Clint Boulton | Oct. 22, 2015
Despite operating in a state of hyper vigilance regarding cybersecurity threats, board participation in such planning is at only 45 percent, according to 10,000 executives surveyed by PwC.

Advanced authentication: Many banks and credit card providers support Apple’s Touch ID technology, allowing consumers to access their mobile application by pressing a finger to the iPhone’s fingerprint scanner. USAA, a financial services and insurance firm that caters to military veterans and service members, uses facial and voice recognition and fingerprint scanning for customer access to its mobile apps. Starwood Hotels & Resorts allows preregistered hotel guests to bypass the check-in desk and tap their smartphone or Apple Watch to unlock hotel room doors. Ninety-one percent of companies say they are using some form of advanced authentication to replace the traditional password credentials.

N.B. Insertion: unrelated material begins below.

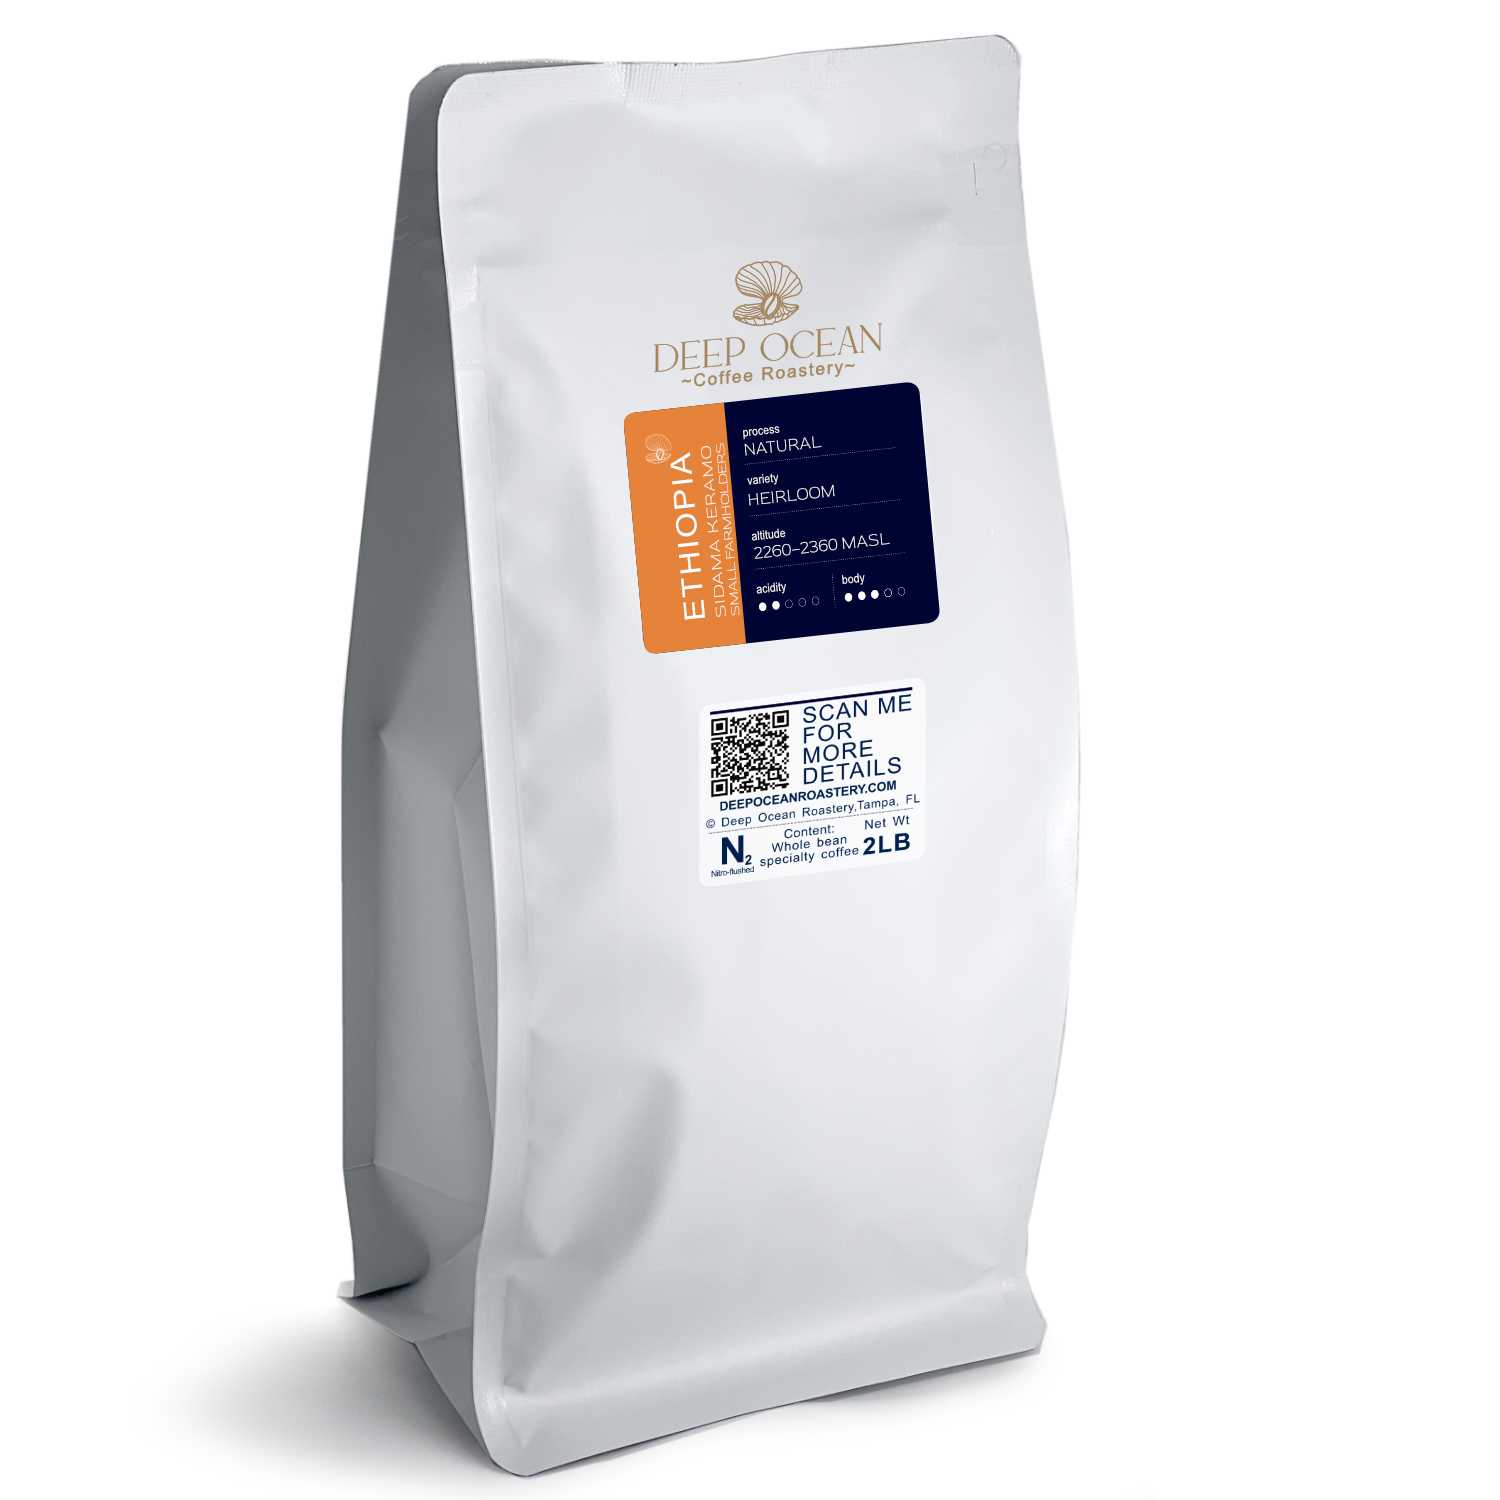 variant 1 - medium roasted coffee Ethiopia is great choice of specialty coffee.
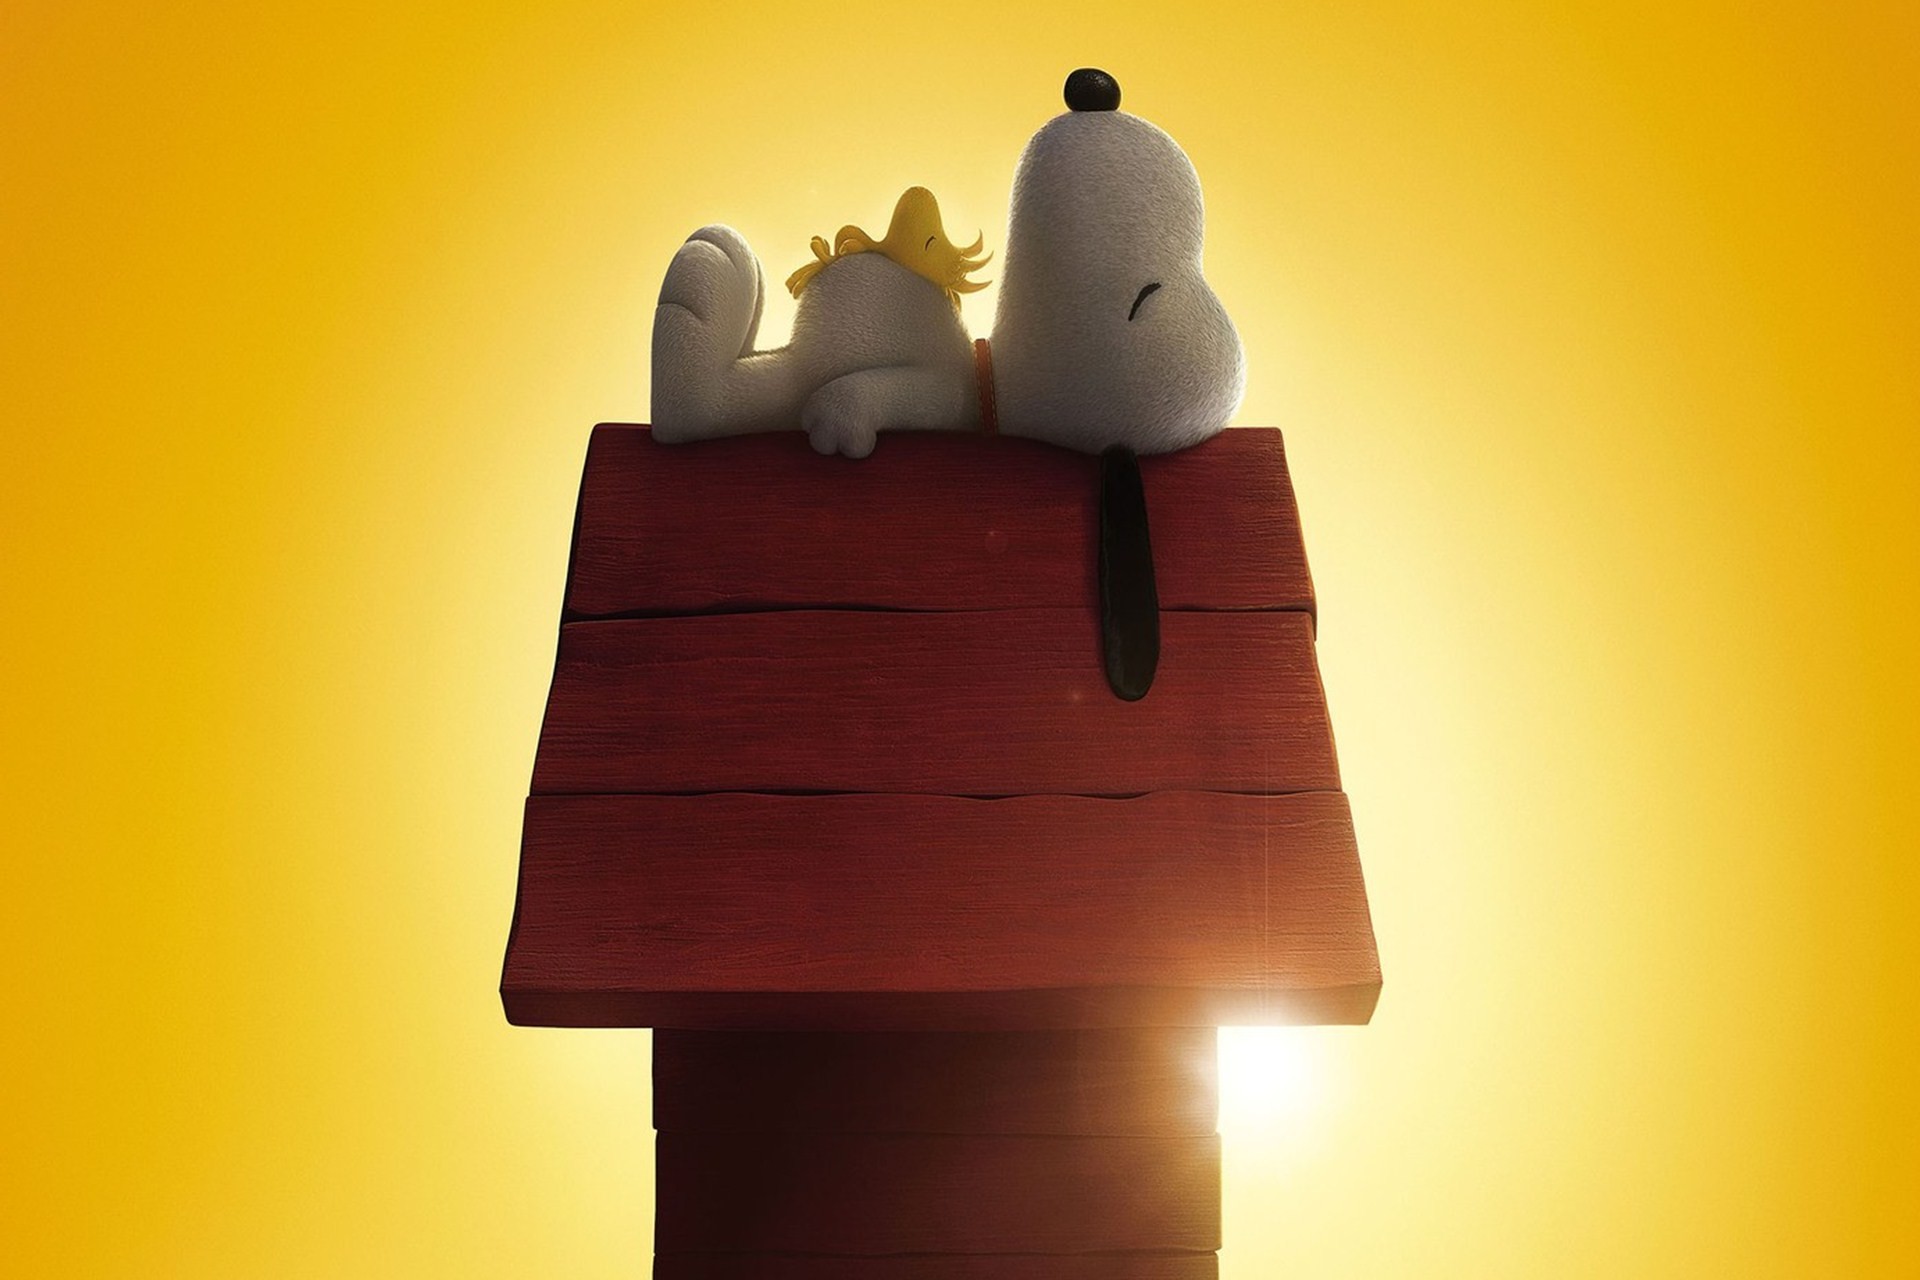 1920x1280 Snoopy And Charlie Brown The Peanuts Stills Hd Wallpaper

Security frameworks: Security frameworks, such as ISO 27001 and the U.S. National Institute of Standards and Technology Cybersecurity Framework, are gaining acceptance among organizations seeking to establish a foundation on which to mitigate risks. Such frameworks help companies identify and prioritize risks, gauge the maturity of their cybersecurity practices and better communicate. The Canadian Imperial Bank of Commerce has developed a scorecard based on framework controls that it uses to measure the maturity of its security program, according to the PwC report. Burg says 91 percent of organizations have adopted a security framework to hedge against risks.

Strength in numbers: Most companies – 56 percent surveyed -- are partnering with one another, sharing threat intelligence with others as a collective defense. Most organizations say such collaboration allows them to share and receive more actionable information from industry peers, as well as Information Sharing and Analysis Centers (ISACs). Burg says information sharing got a boost earlier this year when President Barack Obama signed an executive order that encourages collaboration among public and private organizations through Information Sharing and Analysis Organizations (ISAOs) designed to be more flexible than ISACs.

“ISAOs will fill certain gaps that current groups do not address and ultimately play a valuable role in contributing to a national cybersecurity immune system,” says Burg. He says PwC is currently working with stakeholders from the White House, industry and academia to improve the ISAOs.